This tutorial demonstrates how to train a sequence-to-sequence (seq2seq) model for Spanish-to-English translation.

# Setup

In [None]:
!pip install "tensorflow-text>=2.10"
!pip install einops

In [None]:
import numpy as np

import typing
from typing import Any, Tuple

import einops
import matplotlib.pyplot as plt
import matplotlib.ticker as ticker

import tensorflow as tf
import tensorflow_text as tf_text

This tutorial uses a lot of low level API's where it's easy to get shapes wrong. This class is used to check shapes throughout the tutorial.

In [None]:
class ShapeChecker():
  def __init__(self):
    # Keep a cache of every axis-name seen
    self.shapes = {}

  def __call__(self, tensor, names, broadcast=False):
    if not tf.executing_eagerly():
      return

    parsed = einops.parse_shape(tensor, names)

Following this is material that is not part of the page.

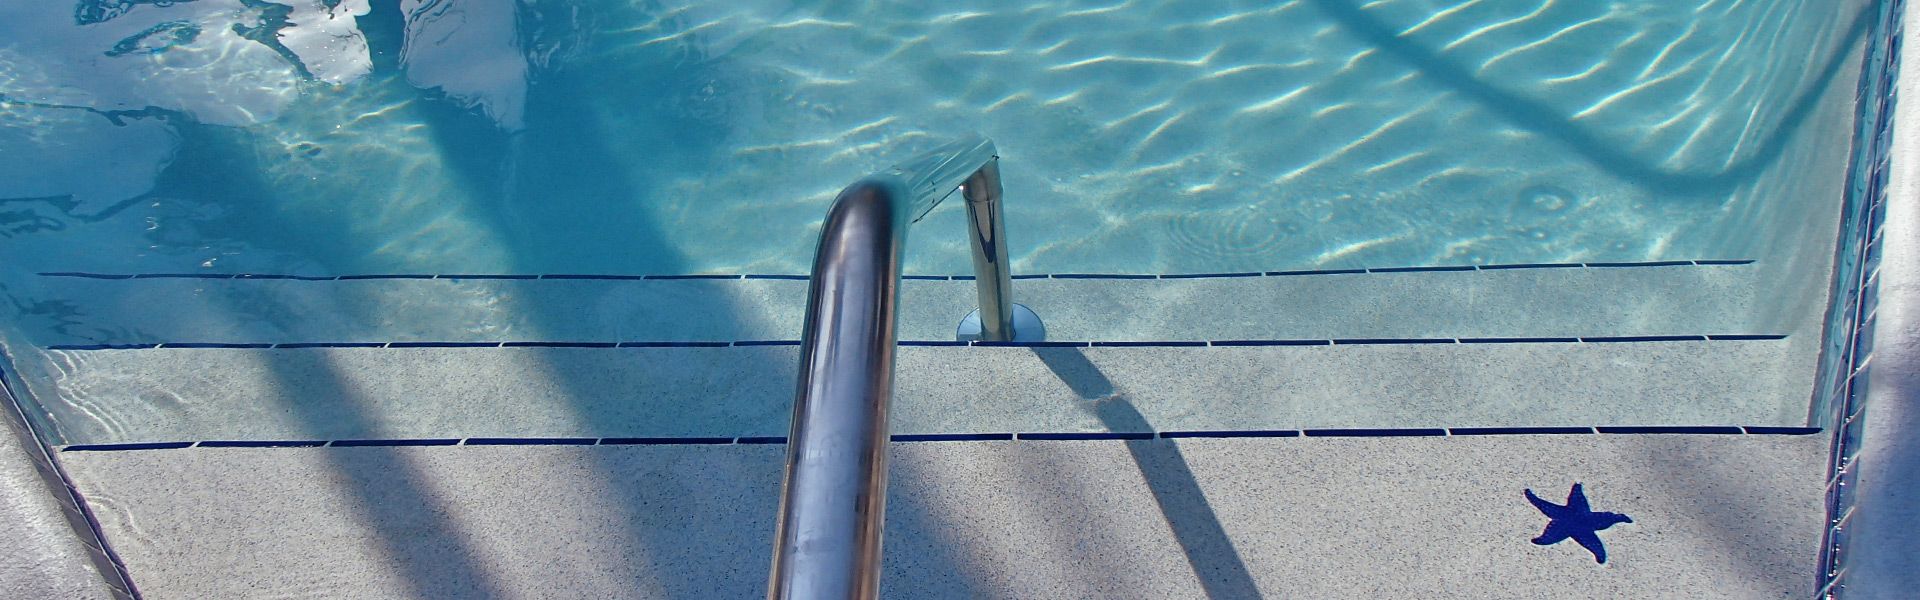 pool resurfacing miami

    for name, new_dim in parsed.items():
      old_dim = self.shapes.get(name, None)
      
      if (broadcast and new_dim == 1):
        continue

      if old_dim is None:
        # If the axis name is new, add its length to the cache.
        self.shapes[name] = new_dim
        continue

      if new_dim != old_dim:
        raise ValueError(f"Shape mismatch for dimension: '{name}'\n"
                         f"    found: {new_dim}\n"
                         f"    expected: {old_dim}\n")

# Data

The tutorial uses a language dataset provided by Anki (http://www.manythings.org/anki/)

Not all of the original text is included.